Work order: Write out the full listing exactly as given, minus the images.

Data:
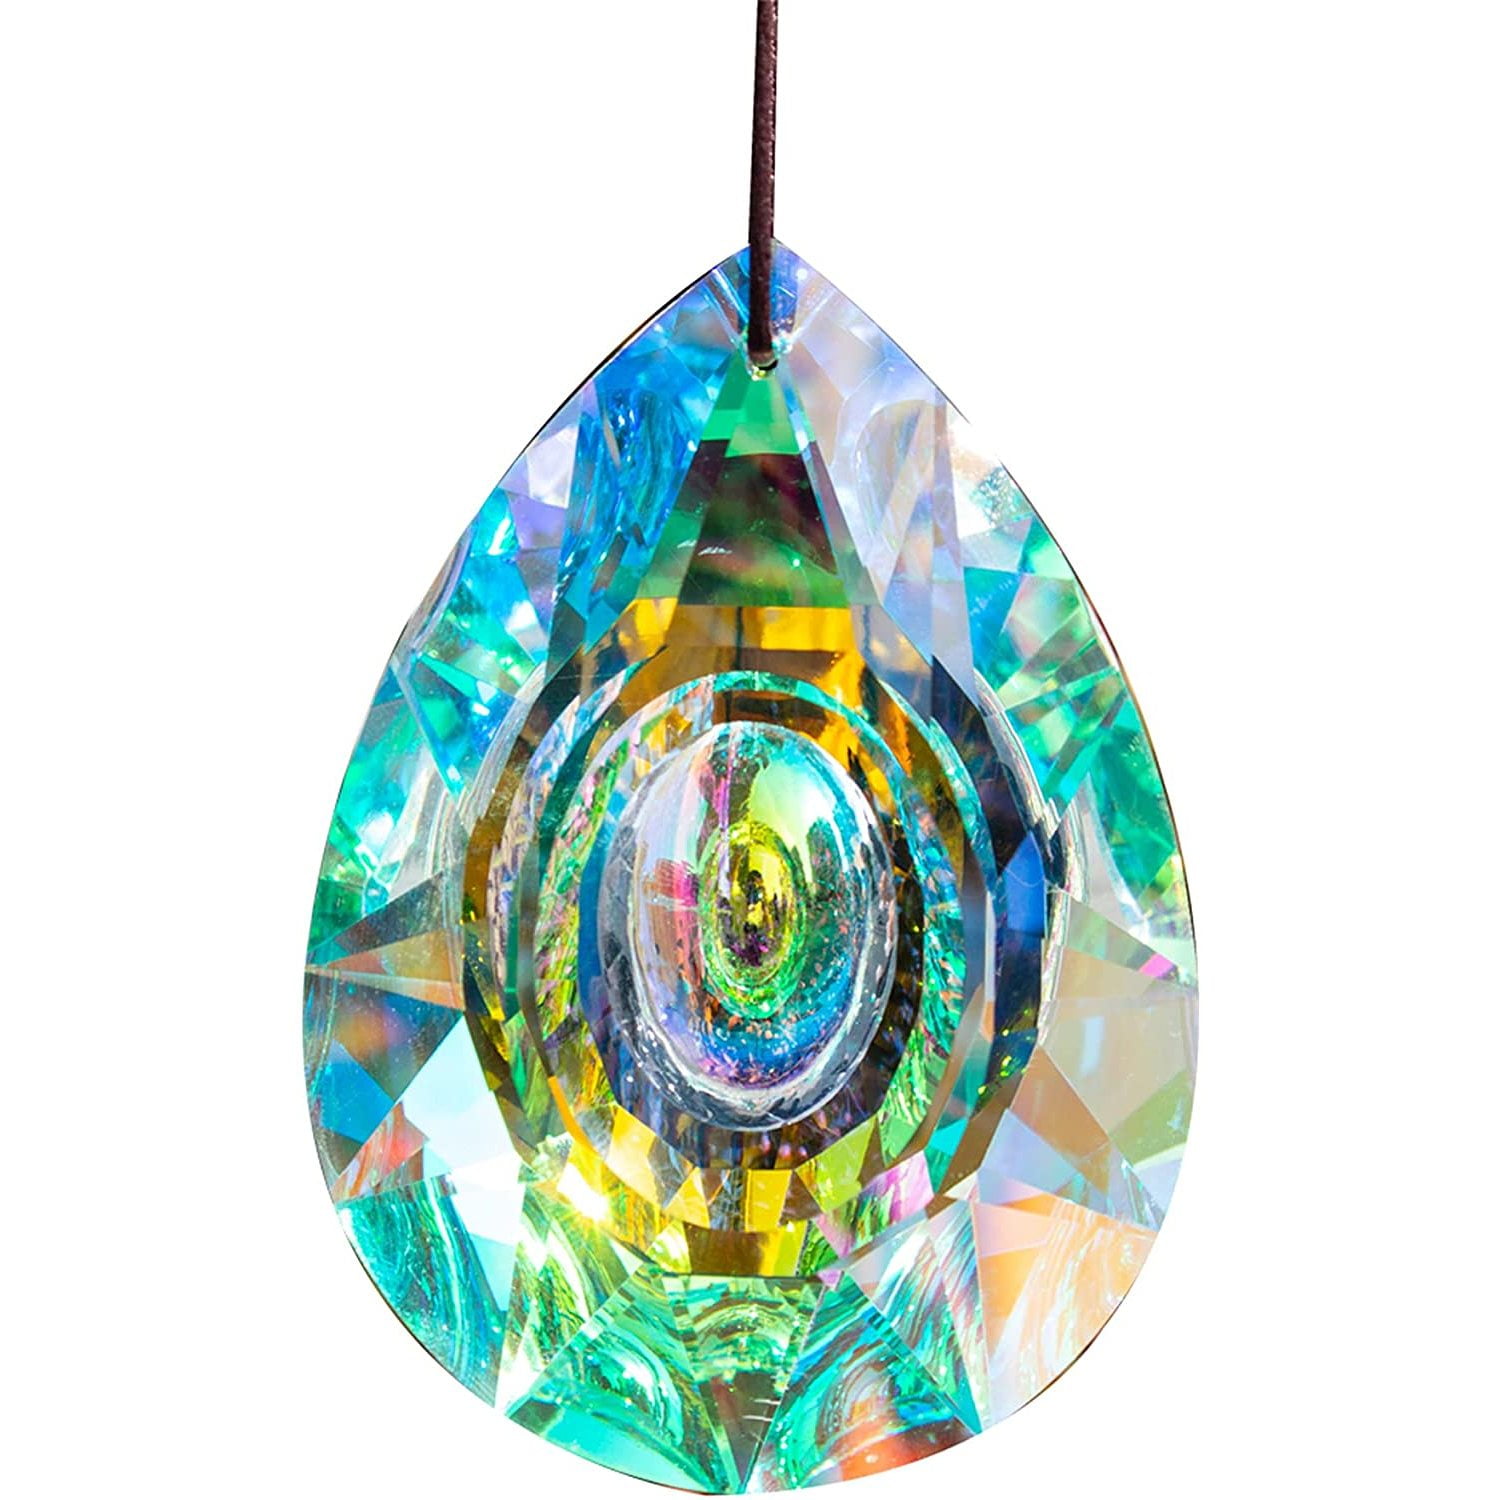 76mm Rainbow Crystal Suncatcher Chandelier Lamp Hanging Pendant Home Decor 
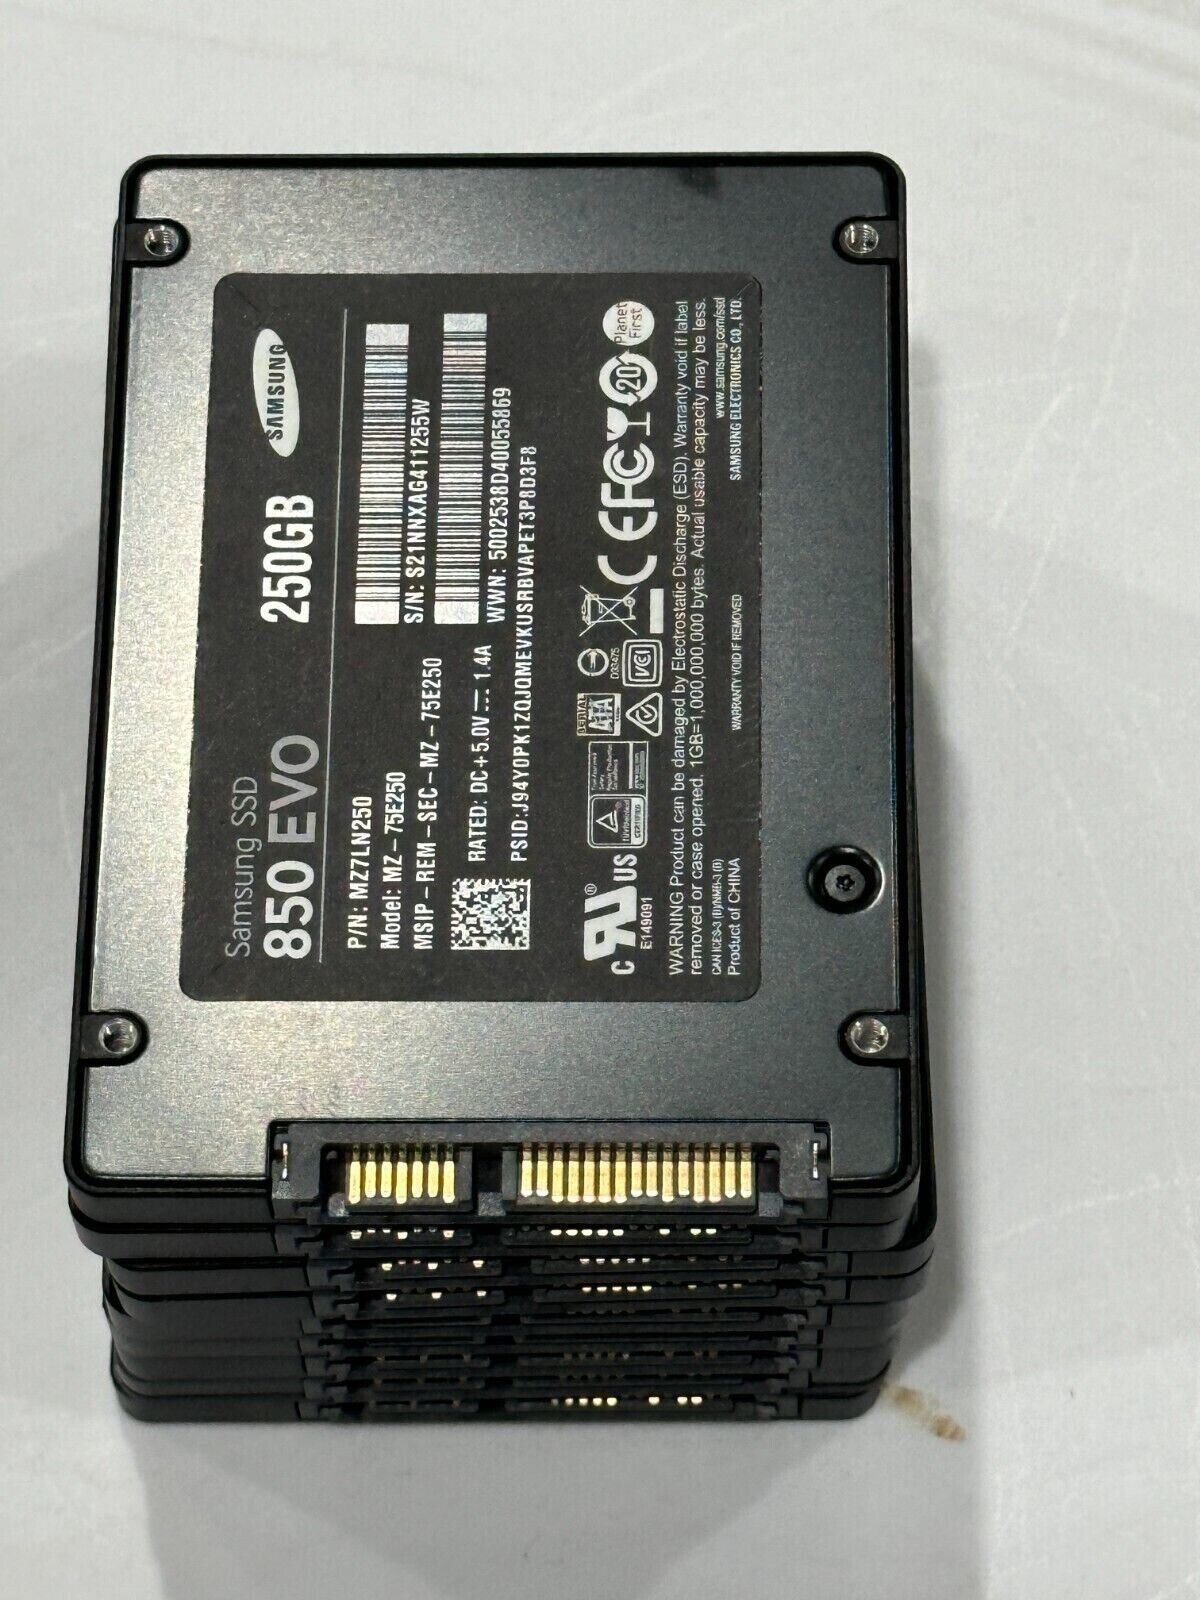 (Set of 10) Samsung 850 EVO 250GB,Internal,2.5 inch (MZ75E250) Solid State Drive
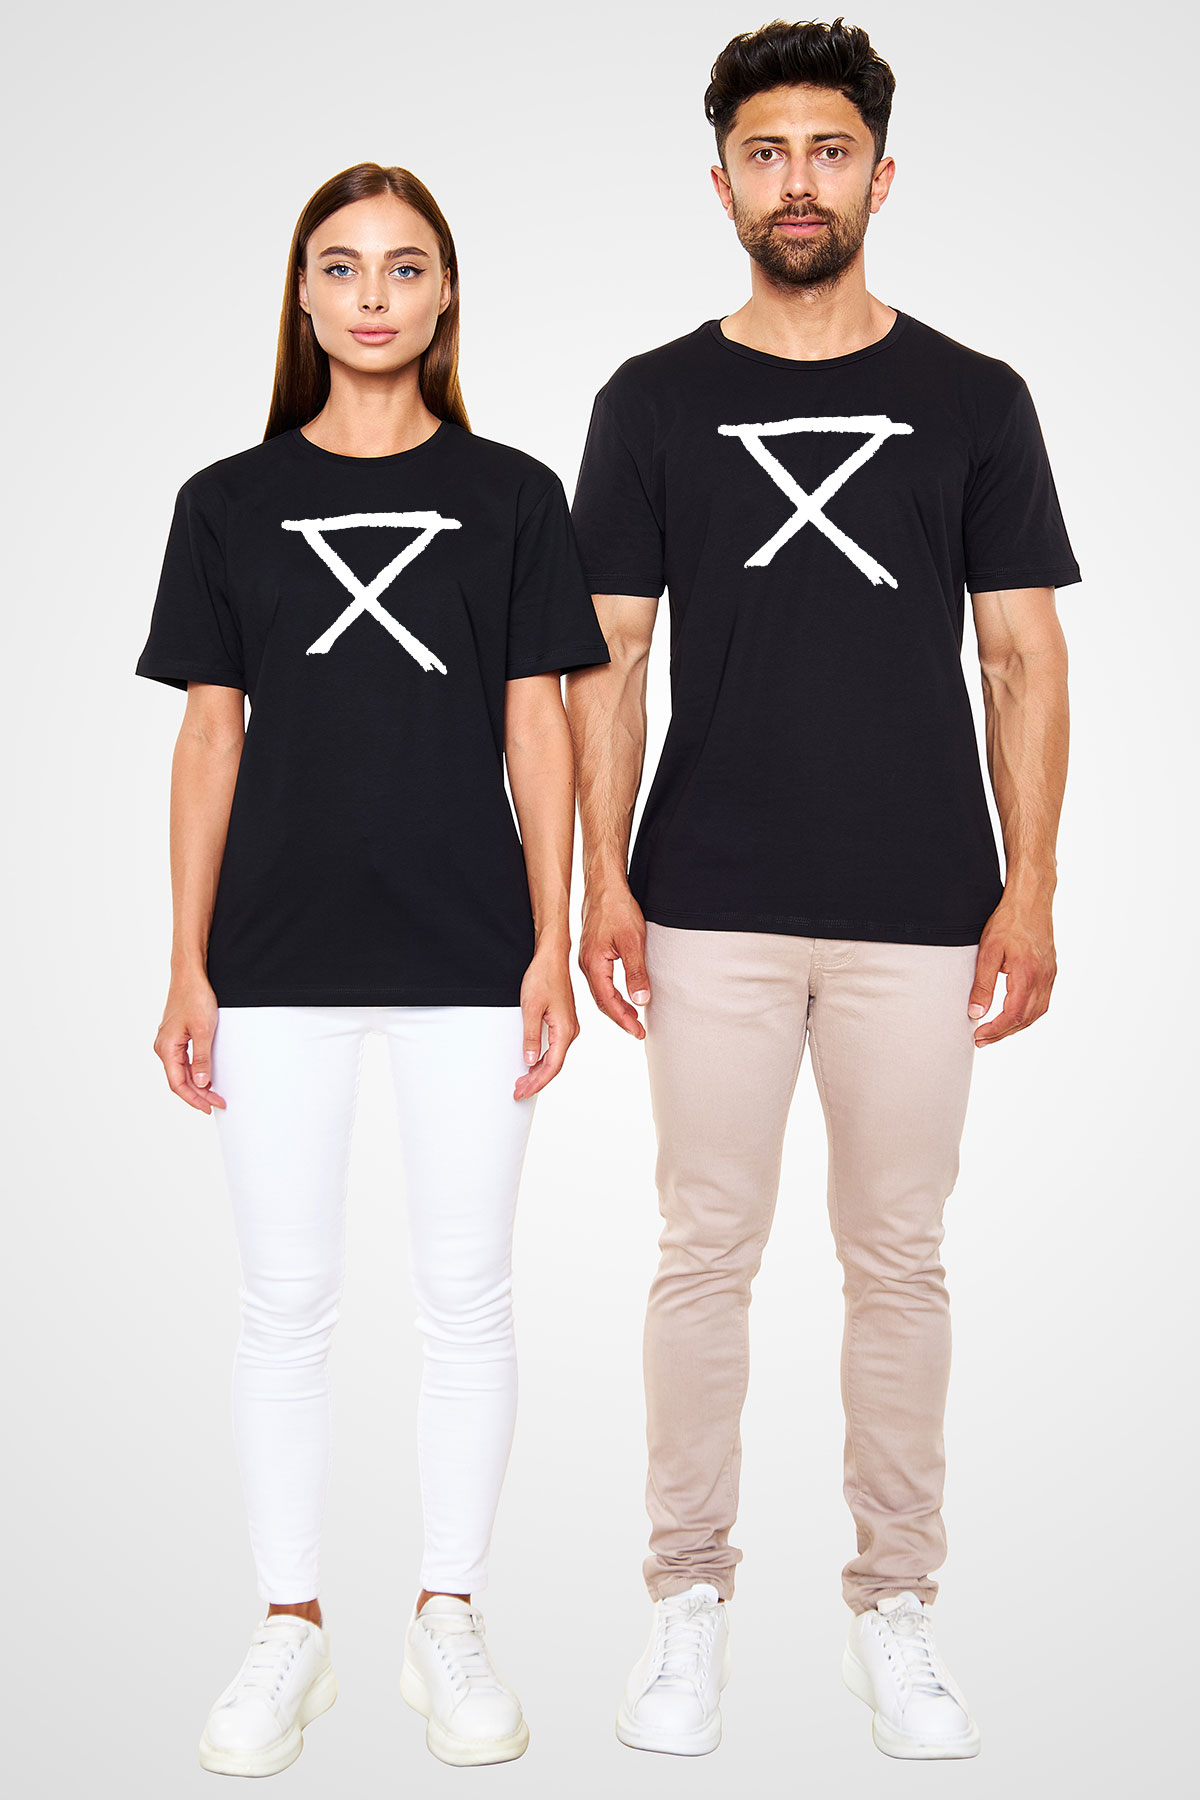 Circa Survive Black Unisex T-Shirt - Tees - Shirts

Task response:
 76mm Rainbow Crystal Suncatcher Chandelier Lamp Hanging Pendant Home Decor 
 (Set of 10) Samsung 850 EVO 250GB,Internal,2.5 inch (MZ75E250) Solid State Drive
 Circa Survive Black Unisex T-Shirt - Tees - Shirts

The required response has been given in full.